Это не совсем так. Понимаете, какая вещь? Это тот самый случай, когда есть и чувство бога, и чувство гармонии мира, и чувство неслучайности всего, но нет художественных средств, чтобы это выразить. Честертон был великолепный чувствователь, замечательный эссеист, гениальный догадчик, хотя и ему иногда изменяло чутье довольно часто, он о Муссолини отзывался положительно.
Но видите какая вещь? Художественных средств для выражения в себе этой прелести мира у не было. Он посредственный писатель. Простите, что я это говорю. Он был гениальный богослов и теолог, замечательный биограф и эссеист, феноменальный газетчик («писатель в газете» – это его самоопределение, это жанр, который он открыл). Но ничего не поделаешь, с чисто художественной стороны здесь все по-другому. Психологизм Честертона слаб, детективы его слишком эксцентричны и потому недостоверны, напугать он по-настоящему не может. У него одна гениальная книга. Это «Человек, который был Четвергом». Столкнулись два гения, потому что это еще и гениальный перевод Натальи Трауберг. По-русски эту книгу читать едва ли не обаятельнее, чем по-английски. Хотя и по-английски эту книгу читать большая радость. Мне повезло, потому что три гения столкнулись: я сначала узнал об этой книге в матвеевском пересказе, а уже потом прочел самостоятельно.
Это действительно божественная вещь. Когда сошелся жанр и автор. У Честертона – а книга имеет подзаголовок «a nightmare» (ночной кошмар) – с описанием снов несколько лучше обстоит дело, чем с психологией глубинной. Он совсем не психолог. Он замечательно описывает удивительные выдумки и чудеса, он, может быть, шел по гриновскому пути, но ему не повезло открыть свою страну, этакую «Гринландию». Он все-таки пытается работать в русле традиционного романа. Поэтому и «Шар и крест», и особенно мне неприятный «Перелетный кабак», вся эта искусственная, вымученная – Борхес это очень точно почувствовал – нормальность, больная нормальность, которая у невротика никогда не получается. А Честертон же был типичный невротик – с такими типичными реакциями, как потеря сознания во время родов жены, с падением в кому во время войны. Зашкаливает его эмоциональный ряд, его эмоциональное чутье. Поэтому его проза это в некотором смысле.
Ну вот как Андрей Шемякин называл Параджанова кинематографистом докинематографической эпохи, и в Тбилиси это очень понятно. Потому что здесь коллажная техника очень популярна.
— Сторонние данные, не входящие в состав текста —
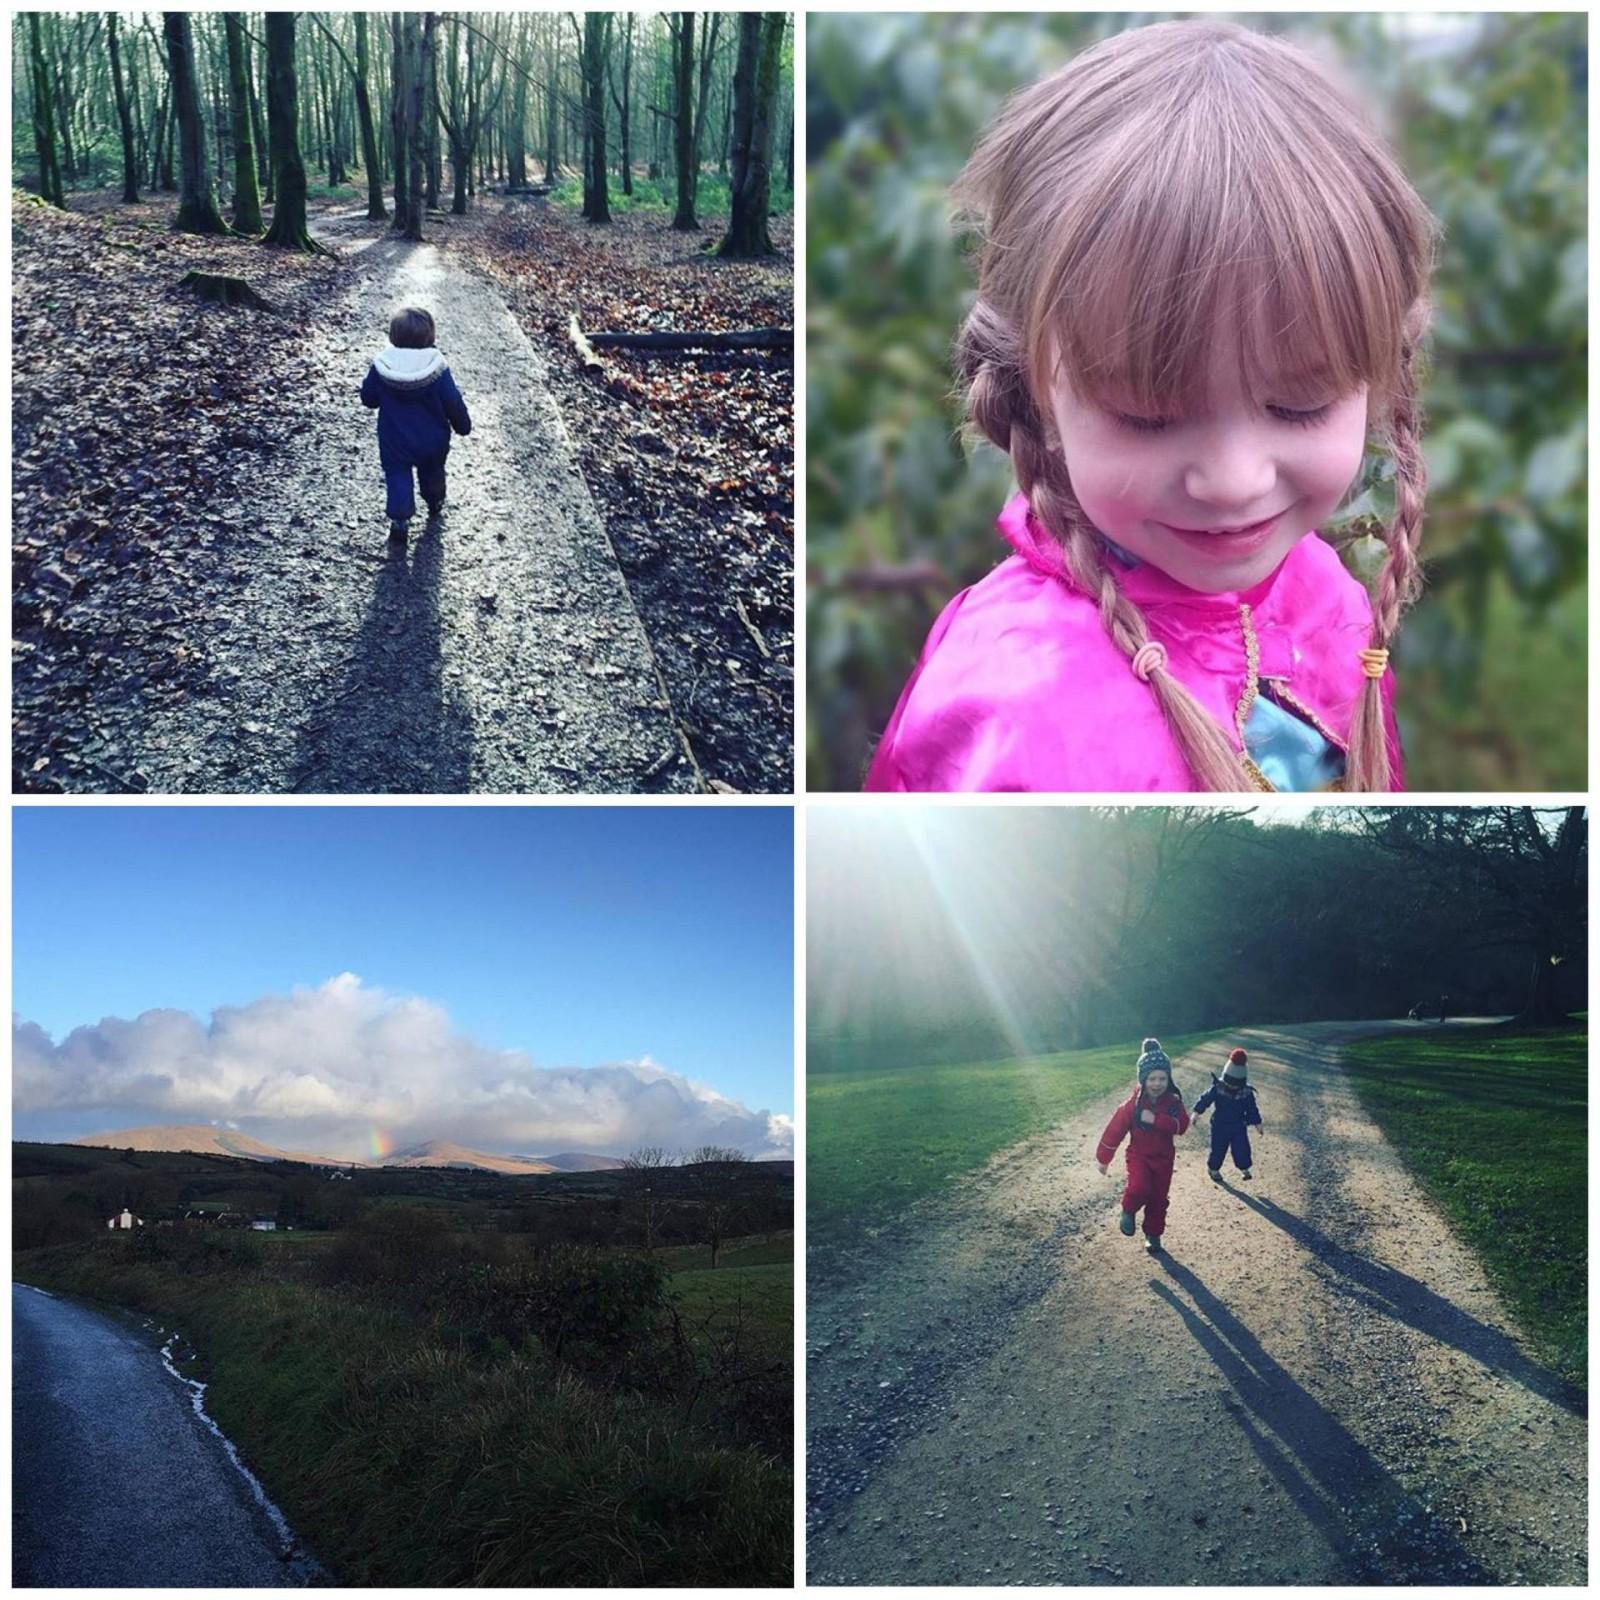 #366daysofpositive instagram community roundup

Насколько Иоселиани тотальный кинематографист, насколько Параджанов – это коллажная техника докинематографической эпохи. И при всем уважении к Параджанову, динамики в его фильмах недостаточно, особенно после «Цвета граната», последних работ. Вот «Легенда о Сурамской крепости» – гениальная же картина. И «Ашик-Кериб» тоже. Но все-таки это не кино, а это что-то другое. Да и в самом «Цвете граната» кино начинается в последних сорока минутах, на мой взгляд. Чем ближе к смерти героя, тем больше в этом мире оказывается динамики. А так это монтаж аттракционов замечательный.
Но именно ужас в том, что чаще всего люди с избытком эмоций наделены некоторым недостатком воображения, недостатком движения. И поэтому, может быть, проза Честертона – это не совсем проза.
Он правильно совершенно говорил, что чем сложнее существо, тем дольше длится его детство. Честертон в каком-то смысле так и не повзрослел. А проза требует взрослости, это взрослое такое дело. Он не дожил до прозы. Поэтому ему удалось в первом романе добиться наибольшей выразительности. Вот в 1908 году он прыгнул выше головы и больше уже так не прыгал. Его мировоззрение сложнее, чем его арсенал, вот так бы я сказал.